KREEP is an acronym that stands for potassium (potassium’s atomic symbol is K), rare earth elements (REE), and phosphorus (P). KREEP behaved in a very particular way when the magma was cooling. The elements in KREEP concentrated into the liquid phase of the magma, so they didn’t become part of the minerals that crystallized early on. It was only the last of the magma to solidify that ended up having the KREEP elements.
The first minerals to solidify from the magma ocean sank to the bottom, then eventually, plagioclase feldspar floated to the top, forming the crust. So the last magma to solidify would have been below the surface, at about 100 kilometers depth, and this would have been relatively high in KREEP elements.

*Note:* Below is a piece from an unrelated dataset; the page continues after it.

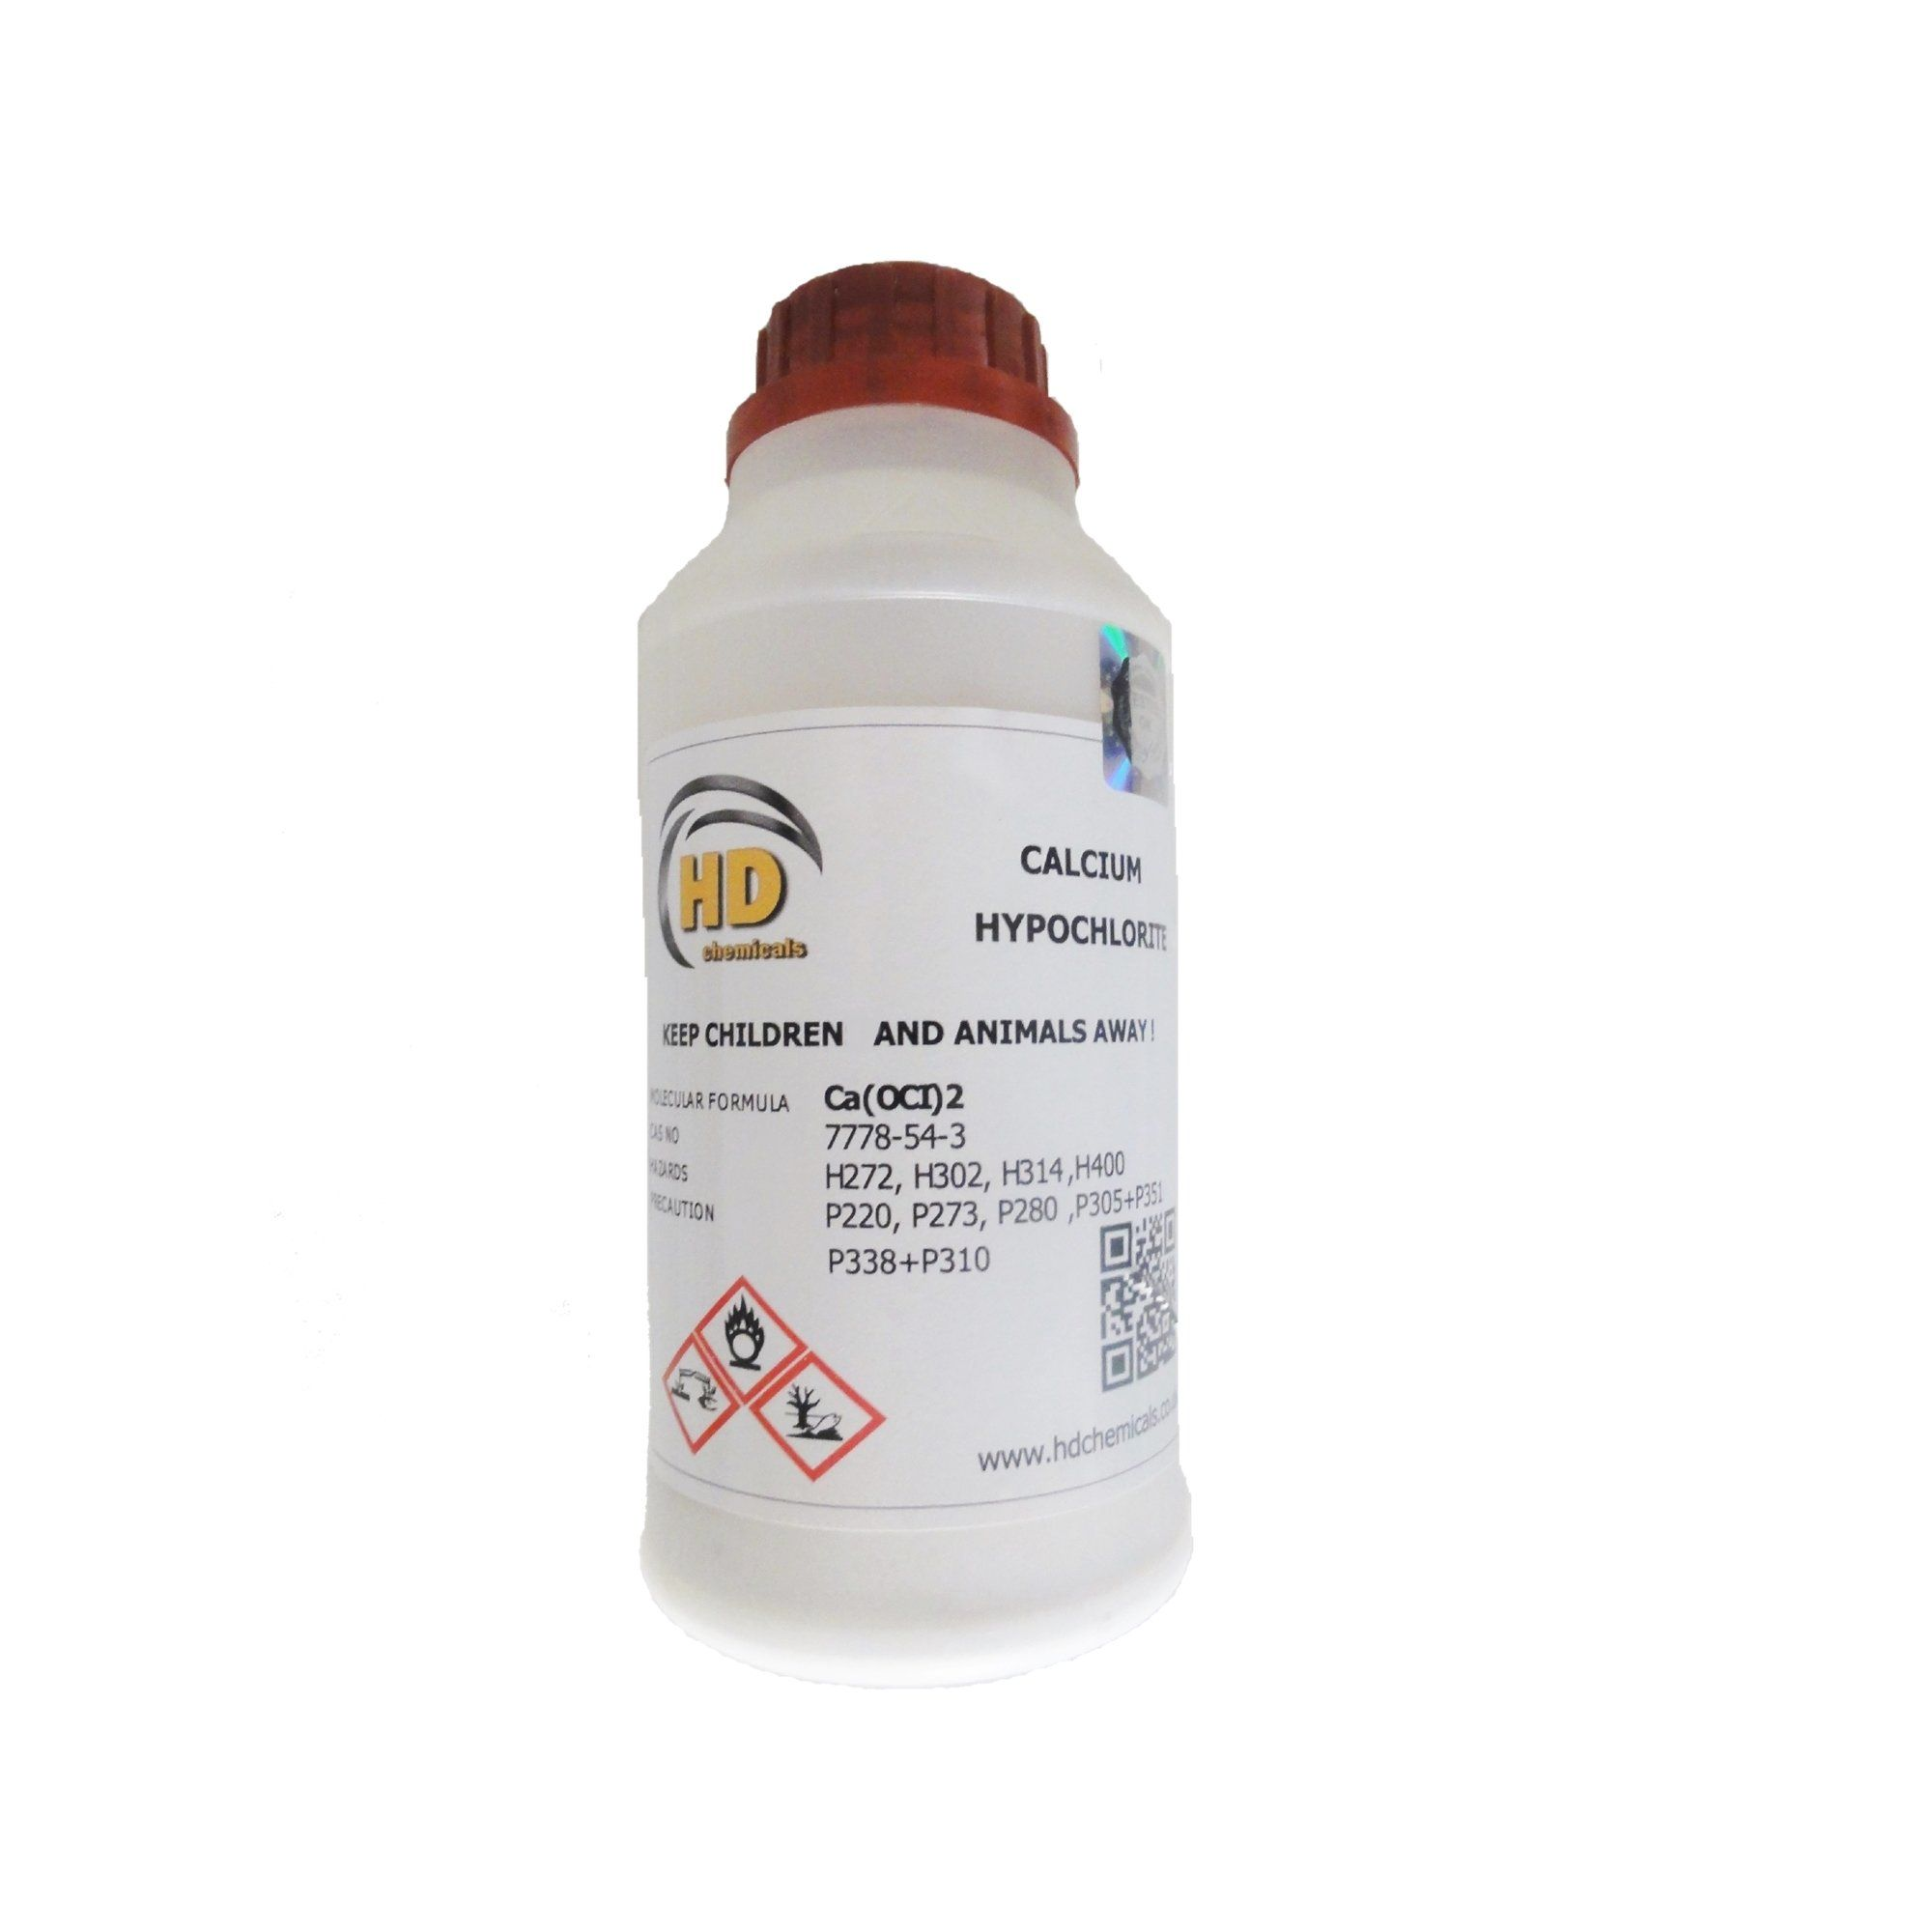 Hd Chemicals 400g Calcium Hypochlorite Powder Swimming Pool Shock Bleaching Disinfectant Calcium Hypochlorit In 2020 Pool Shock Swimming Pools Swimming Pool Water

The fact that Oceanus Procellarum has more of the KREEP elements could
be explained by a giant impact because that impact would have created a hole deep enough to reach down to the KREEP layer. The heat from the impact would have caused melting, so the impact basin could have been filled with lava coming from the deep, KREEP-enriched region.
But a giant impact isn’t the only possibility for how Oceanus Procellarum could have formed. Another possibility is contraction as the Moon’s early surface cooled. This theory is based on data from the GRAIL mission, which mapped out the Moon’s gravity field at very high resolution.
The mission found that Oceanus Procellarum is surrounded by a rectangular pattern of ancient rift valleys. On the early Moon, rift valleys were formed when a surface made of one material was cooling, contracting, and separating from the surrounding material. This contraction would have caused deep cracks that would act as conduits for lava to flow up as the deep rock depressurized. The lava would have filled the depressed surface.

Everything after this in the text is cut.